Carson was the supervisory agent who managed the RA. He’d been driving behind them when they left Civic Center Drive, but apparently they’d lost him along the way. Tess wasn’t going to wait. “He’ll be here soon enough. Let’s look around on our own.”

She pushed open the door and went in, trailed by Crandall. The first thing she saw was the bloody stain on the futon where Dylan Garrick’s head had lain. There were spatter patterns on the wall. More dried blood was dimly visible on the soiled short-nap carpet. The body was gone, as were Garrick’s handgun and the pillow used to muffle the two shots.

Criminalists had gone over the apartment, dusting for prints and bagging fibers and other trace evidence. Tess saw black ferric oxide on some surfaces, silver nitrate on others. The walls and larger objects in the room had been decorated in more elaborate shades, from gaudy Pinkwop and Redwop powders that were processed with a portable laser, to fluorescent greens and oranges that luminesced in ultraviolet light. Whoever dusted the place had been thorough. Tess wondered if Abby’s prints had been among those collected.

In her career she had visited many crime scenes, enough of them to make the experience almost routine. But there was one she had never forgotten-the bedroom of the house she’d rented in a Denver suburb, where Paul Voorhees had been murdered by the serial killer Mobius.

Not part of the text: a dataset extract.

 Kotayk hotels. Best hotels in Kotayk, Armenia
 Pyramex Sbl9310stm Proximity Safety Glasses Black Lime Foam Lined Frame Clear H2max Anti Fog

Other shocks had shaken her life, but finding Paul was the one that lingered. She’d never felt the same about a murder scene. Other people could crack jokes and act casual in the presence of death. Not her. She stood in Dylan Garrick’s apartment as she would stand in a church-hushed and solemn.

In one hand she carried a folder of crime-scene photos from the morning conference. She slipped out a picture of the body and studied it, getting a better sense of how Garrick had been positioned. He’d been beaten before he was shot-pistol-whipped with his own firearm. The photo showed the damage to his face, including a broken nose that left a trail of dried blood snaking down to his upper lip. The gun itself, dropped on the floor, had dried blood on the barrel.

Could Abby have hurt him that way? Cracked the gun across his face, crunching bone? Tess wanted to say no. Yet she couldn’t forget Abby at the Boiler Room, carving her steak with grim enthusiasm, the knife gripped tight in her hand. She’d been riding a wave of rage and hate, and there was no telling how far she’d ridden it later that night.

Of course she’d denied everything. But she had no alibi. And although there was no obvious way for her to track down Garrick, she was resourceful. She could have figured something out. She could have come here.

If she had, she came as Garrick’s guest. The lock on the door had not been tampered with. Garrick let her in-or came home with her. Typically, in her work with stalkers, Abby would arrange to meet the guy in some seemingly accidental way, ingratiate herself with him, gain access to his home. She wasn’t above holding out the promise of sexual favors. She…

Tess looked more closely at the photo. “You see this?” she asked Crandall.

“What?”

“Garrick’s pants. They’re open. Unzipped.”